Your goal: Copy the lines exactly. Begin at the first line of the data and stop after the line with "Tovaglioli Monovelo 270".

[Stored entries]
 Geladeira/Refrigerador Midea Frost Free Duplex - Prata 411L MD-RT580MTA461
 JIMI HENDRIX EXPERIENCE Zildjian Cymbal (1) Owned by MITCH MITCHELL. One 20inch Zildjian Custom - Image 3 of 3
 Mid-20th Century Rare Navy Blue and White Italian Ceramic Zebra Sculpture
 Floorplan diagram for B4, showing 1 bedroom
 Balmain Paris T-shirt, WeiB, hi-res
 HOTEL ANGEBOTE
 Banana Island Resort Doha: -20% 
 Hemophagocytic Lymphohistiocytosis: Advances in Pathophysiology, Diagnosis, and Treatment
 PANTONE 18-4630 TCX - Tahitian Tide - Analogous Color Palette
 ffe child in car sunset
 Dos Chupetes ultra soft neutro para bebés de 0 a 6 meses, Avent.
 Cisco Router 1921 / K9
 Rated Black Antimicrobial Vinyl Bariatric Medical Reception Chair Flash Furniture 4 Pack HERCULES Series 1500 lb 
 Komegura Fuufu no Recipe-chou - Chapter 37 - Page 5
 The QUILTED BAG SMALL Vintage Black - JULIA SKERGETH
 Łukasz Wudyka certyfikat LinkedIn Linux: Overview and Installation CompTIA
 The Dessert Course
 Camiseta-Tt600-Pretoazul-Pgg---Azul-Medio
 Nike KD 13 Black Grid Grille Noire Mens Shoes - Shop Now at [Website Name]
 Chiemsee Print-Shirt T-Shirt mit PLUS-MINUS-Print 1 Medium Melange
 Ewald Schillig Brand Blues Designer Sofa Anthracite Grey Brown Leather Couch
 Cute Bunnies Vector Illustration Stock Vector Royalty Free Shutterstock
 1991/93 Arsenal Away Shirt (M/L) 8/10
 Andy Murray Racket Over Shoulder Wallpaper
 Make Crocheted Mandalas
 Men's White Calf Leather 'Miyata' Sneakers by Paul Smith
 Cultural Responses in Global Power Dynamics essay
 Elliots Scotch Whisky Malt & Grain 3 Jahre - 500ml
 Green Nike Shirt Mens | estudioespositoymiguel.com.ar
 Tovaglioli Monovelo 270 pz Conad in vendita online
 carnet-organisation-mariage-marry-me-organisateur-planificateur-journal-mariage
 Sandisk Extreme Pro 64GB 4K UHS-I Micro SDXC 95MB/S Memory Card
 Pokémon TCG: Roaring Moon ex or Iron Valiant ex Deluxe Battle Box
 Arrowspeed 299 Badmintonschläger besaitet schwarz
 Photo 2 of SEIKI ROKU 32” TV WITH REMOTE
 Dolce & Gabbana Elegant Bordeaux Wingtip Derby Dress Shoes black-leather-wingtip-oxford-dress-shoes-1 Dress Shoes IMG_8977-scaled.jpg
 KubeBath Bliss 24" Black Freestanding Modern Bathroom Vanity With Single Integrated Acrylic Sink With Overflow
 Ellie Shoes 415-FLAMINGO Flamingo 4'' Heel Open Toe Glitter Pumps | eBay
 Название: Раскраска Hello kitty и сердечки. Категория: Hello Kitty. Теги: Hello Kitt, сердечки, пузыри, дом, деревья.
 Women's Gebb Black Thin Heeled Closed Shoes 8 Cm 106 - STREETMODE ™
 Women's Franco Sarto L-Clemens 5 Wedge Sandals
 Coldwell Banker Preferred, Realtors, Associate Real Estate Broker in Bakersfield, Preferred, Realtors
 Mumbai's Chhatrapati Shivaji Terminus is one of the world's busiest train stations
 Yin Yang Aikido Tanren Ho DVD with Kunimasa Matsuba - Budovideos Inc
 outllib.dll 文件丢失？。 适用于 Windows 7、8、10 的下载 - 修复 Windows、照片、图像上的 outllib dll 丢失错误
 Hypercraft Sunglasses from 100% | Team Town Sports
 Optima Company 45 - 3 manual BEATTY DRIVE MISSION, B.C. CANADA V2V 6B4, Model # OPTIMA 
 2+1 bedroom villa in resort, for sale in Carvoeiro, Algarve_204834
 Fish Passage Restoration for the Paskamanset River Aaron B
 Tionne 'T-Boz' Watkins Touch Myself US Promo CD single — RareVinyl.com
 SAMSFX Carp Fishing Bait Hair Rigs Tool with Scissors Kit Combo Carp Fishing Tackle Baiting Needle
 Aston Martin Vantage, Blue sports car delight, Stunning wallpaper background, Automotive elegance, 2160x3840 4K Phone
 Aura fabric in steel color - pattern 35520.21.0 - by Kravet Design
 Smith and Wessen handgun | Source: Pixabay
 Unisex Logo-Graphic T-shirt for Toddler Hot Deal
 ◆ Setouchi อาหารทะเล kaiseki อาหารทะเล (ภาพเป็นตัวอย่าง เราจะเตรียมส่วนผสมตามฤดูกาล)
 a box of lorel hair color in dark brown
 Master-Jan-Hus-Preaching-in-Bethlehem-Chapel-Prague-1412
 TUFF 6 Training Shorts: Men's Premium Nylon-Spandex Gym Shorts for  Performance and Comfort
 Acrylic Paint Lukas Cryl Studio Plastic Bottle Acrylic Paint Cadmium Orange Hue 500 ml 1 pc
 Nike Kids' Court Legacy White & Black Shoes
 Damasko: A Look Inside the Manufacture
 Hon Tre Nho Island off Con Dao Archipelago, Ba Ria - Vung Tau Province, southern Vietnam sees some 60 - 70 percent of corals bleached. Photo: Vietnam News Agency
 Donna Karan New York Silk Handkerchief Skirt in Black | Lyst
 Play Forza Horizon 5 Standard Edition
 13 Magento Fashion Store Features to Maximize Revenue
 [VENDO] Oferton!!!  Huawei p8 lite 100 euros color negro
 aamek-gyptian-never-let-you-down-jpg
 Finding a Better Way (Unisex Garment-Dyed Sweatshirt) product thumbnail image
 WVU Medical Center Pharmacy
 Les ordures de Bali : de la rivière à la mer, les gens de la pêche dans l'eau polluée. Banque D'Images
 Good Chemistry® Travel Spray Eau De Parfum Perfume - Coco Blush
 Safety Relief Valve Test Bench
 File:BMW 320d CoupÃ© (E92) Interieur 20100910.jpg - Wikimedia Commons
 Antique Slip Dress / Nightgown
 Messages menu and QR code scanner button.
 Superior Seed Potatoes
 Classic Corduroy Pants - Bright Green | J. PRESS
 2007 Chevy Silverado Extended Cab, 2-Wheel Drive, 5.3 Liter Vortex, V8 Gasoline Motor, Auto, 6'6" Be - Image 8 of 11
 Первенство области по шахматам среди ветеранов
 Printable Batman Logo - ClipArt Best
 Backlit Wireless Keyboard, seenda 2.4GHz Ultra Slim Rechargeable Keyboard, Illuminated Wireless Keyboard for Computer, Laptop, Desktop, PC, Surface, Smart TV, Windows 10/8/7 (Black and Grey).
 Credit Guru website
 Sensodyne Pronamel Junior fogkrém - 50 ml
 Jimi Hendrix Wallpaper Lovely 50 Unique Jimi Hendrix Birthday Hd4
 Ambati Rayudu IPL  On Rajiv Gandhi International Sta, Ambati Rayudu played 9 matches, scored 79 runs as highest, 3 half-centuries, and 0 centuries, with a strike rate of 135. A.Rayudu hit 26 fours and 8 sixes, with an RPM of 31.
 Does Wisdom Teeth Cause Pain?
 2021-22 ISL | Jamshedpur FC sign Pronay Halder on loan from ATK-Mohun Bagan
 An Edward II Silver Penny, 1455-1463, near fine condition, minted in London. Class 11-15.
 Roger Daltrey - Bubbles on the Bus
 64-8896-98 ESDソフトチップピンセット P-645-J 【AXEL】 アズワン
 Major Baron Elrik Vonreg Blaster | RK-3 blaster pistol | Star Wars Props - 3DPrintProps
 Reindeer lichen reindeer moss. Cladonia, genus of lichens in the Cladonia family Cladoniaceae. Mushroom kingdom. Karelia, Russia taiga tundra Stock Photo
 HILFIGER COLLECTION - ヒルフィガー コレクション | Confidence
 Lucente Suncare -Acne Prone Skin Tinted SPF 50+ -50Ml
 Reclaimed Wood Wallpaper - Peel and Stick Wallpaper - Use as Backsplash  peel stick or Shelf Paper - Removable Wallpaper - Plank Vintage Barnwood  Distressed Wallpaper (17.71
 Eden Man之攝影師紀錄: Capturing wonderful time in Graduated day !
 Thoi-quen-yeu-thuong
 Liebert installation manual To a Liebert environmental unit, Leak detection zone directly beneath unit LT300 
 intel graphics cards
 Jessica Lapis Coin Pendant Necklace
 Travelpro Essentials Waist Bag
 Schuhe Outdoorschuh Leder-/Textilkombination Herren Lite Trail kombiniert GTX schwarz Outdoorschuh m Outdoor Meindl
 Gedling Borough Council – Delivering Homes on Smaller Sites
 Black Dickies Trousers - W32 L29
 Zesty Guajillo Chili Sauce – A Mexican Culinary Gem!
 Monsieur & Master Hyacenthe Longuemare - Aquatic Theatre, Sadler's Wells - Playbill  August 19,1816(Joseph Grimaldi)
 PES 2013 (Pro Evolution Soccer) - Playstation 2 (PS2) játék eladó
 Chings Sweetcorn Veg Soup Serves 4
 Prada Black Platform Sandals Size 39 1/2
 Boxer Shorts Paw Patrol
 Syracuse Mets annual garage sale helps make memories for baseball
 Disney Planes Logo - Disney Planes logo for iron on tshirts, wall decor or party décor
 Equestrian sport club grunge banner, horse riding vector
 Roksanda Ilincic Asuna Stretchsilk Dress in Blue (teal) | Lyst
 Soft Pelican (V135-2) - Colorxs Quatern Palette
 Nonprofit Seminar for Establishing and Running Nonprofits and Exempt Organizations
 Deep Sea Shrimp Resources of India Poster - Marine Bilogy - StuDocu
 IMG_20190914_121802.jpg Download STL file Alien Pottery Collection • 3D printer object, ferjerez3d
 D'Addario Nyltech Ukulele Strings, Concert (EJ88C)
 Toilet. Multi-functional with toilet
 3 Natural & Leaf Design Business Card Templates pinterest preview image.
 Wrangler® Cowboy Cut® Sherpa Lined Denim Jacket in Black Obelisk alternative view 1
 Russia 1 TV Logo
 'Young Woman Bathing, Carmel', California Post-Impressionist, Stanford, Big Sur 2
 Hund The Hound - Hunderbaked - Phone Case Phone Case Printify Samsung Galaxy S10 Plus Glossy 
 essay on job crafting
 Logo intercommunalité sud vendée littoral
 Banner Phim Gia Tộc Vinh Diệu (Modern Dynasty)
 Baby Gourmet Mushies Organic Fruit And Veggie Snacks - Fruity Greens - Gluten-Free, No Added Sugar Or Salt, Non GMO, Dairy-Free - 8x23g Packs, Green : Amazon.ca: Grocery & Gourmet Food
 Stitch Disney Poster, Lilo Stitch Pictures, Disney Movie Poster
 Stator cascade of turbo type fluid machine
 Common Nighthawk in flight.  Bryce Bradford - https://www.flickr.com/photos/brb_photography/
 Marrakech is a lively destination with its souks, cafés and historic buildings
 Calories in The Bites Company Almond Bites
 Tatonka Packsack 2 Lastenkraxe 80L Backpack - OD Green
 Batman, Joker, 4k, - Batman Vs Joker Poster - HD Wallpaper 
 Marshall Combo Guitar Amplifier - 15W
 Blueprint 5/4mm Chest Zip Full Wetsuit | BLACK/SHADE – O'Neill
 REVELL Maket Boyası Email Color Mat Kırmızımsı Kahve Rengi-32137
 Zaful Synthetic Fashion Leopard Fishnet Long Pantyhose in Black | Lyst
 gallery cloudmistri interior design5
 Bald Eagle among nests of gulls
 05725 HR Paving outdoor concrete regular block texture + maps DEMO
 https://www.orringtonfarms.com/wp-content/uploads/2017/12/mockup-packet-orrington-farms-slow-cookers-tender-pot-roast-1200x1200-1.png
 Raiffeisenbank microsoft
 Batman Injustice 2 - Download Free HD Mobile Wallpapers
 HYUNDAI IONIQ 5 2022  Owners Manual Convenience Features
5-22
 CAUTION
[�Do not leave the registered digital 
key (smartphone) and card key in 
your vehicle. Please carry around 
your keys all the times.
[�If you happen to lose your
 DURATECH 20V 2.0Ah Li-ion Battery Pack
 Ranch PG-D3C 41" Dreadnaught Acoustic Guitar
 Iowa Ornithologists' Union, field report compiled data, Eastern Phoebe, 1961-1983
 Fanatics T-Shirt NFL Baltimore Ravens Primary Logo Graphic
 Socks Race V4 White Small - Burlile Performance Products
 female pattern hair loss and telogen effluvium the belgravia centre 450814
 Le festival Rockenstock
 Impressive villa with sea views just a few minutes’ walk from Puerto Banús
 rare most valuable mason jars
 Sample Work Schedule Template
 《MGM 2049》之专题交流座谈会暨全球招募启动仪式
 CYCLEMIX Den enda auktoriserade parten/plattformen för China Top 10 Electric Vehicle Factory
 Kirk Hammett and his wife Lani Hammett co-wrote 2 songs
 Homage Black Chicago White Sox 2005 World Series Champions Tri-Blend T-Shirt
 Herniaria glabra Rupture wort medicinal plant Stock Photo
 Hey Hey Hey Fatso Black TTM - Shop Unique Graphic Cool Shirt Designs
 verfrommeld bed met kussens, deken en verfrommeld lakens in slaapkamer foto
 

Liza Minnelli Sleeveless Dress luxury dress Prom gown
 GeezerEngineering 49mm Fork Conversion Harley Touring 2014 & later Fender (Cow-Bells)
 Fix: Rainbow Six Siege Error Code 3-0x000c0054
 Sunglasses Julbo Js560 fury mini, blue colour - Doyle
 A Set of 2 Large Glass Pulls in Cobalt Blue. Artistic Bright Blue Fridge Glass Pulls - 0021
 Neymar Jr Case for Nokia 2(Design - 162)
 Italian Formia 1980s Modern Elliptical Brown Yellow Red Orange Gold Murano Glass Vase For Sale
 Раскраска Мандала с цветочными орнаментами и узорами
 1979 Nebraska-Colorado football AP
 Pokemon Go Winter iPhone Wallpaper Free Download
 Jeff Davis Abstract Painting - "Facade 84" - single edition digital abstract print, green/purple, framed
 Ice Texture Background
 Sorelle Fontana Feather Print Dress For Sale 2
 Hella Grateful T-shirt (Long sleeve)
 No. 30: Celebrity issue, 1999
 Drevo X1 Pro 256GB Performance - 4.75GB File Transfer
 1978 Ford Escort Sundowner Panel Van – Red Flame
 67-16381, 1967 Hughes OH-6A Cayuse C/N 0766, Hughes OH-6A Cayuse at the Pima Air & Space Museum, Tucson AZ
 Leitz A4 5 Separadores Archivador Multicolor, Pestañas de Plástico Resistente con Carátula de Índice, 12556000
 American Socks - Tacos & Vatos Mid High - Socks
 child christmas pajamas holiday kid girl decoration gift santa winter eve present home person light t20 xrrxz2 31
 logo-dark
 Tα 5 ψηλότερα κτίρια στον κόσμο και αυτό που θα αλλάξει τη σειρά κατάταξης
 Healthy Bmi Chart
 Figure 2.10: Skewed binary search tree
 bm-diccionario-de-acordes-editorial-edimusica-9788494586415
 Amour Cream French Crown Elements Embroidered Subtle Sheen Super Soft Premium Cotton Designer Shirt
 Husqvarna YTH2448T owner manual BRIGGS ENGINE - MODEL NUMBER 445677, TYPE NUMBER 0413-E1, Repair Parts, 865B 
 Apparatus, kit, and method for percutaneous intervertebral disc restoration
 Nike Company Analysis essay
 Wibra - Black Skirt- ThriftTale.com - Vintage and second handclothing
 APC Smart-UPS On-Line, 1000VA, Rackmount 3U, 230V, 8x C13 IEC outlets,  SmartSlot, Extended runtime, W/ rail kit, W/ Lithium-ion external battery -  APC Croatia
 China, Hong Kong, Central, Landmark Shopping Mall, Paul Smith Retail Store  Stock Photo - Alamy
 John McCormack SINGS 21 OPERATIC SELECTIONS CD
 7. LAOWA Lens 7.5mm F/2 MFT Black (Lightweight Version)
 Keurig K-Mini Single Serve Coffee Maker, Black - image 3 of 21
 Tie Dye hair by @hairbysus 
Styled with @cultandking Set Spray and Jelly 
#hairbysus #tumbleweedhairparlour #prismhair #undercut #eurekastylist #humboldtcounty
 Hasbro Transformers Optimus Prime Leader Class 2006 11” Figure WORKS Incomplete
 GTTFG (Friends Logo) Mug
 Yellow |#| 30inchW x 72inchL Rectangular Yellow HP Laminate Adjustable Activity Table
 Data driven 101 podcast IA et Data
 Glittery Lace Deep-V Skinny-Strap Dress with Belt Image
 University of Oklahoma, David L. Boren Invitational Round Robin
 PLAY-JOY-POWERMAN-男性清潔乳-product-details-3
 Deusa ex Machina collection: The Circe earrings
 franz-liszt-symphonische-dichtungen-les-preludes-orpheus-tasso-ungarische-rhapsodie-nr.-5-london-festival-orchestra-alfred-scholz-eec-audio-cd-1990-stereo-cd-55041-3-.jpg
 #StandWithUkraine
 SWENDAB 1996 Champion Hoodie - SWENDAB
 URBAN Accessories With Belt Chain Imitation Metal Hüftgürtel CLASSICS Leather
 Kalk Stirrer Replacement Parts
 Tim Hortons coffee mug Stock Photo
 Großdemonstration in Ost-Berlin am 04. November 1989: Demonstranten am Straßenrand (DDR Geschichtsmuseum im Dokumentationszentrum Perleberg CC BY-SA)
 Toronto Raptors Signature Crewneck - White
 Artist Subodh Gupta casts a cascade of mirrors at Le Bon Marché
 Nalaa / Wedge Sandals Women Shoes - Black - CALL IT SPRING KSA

Exercise answer:
 Geladeira/Refrigerador Midea Frost Free Duplex - Prata 411L MD-RT580MTA461
 JIMI HENDRIX EXPERIENCE Zildjian Cymbal (1) Owned by MITCH MITCHELL. One 20inch Zildjian Custom - Image 3 of 3
 Mid-20th Century Rare Navy Blue and White Italian Ceramic Zebra Sculpture
 Floorplan diagram for B4, showing 1 bedroom
 Balmain Paris T-shirt, WeiB, hi-res
 HOTEL ANGEBOTE
 Banana Island Resort Doha: -20% 
 Hemophagocytic Lymphohistiocytosis: Advances in Pathophysiology, Diagnosis, and Treatment
 PANTONE 18-4630 TCX - Tahitian Tide - Analogous Color Palette
 ffe child in car sunset
 Dos Chupetes ultra soft neutro para bebés de 0 a 6 meses, Avent.
 Cisco Router 1921 / K9
 Rated Black Antimicrobial Vinyl Bariatric Medical Reception Chair Flash Furniture 4 Pack HERCULES Series 1500 lb 
 Komegura Fuufu no Recipe-chou - Chapter 37 - Page 5
 The QUILTED BAG SMALL Vintage Black - JULIA SKERGETH
 Łukasz Wudyka certyfikat LinkedIn Linux: Overview and Installation CompTIA
 The Dessert Course
 Camiseta-Tt600-Pretoazul-Pgg---Azul-Medio
 Nike KD 13 Black Grid Grille Noire Mens Shoes - Shop Now at [Website Name]
 Chiemsee Print-Shirt T-Shirt mit PLUS-MINUS-Print 1 Medium Melange
 Ewald Schillig Brand Blues Designer Sofa Anthracite Grey Brown Leather Couch
 Cute Bunnies Vector Illustration Stock Vector Royalty Free Shutterstock
 1991/93 Arsenal Away Shirt (M/L) 8/10
 Andy Murray Racket Over Shoulder Wallpaper
 Make Crocheted Mandalas
 Men's White Calf Leather 'Miyata' Sneakers by Paul Smith
 Cultural Responses in Global Power Dynamics essay
 Elliots Scotch Whisky Malt & Grain 3 Jahre - 500ml
 Green Nike Shirt Mens | estudioespositoymiguel.com.ar
 Tovaglioli Monovelo 270 pz Conad in vendita online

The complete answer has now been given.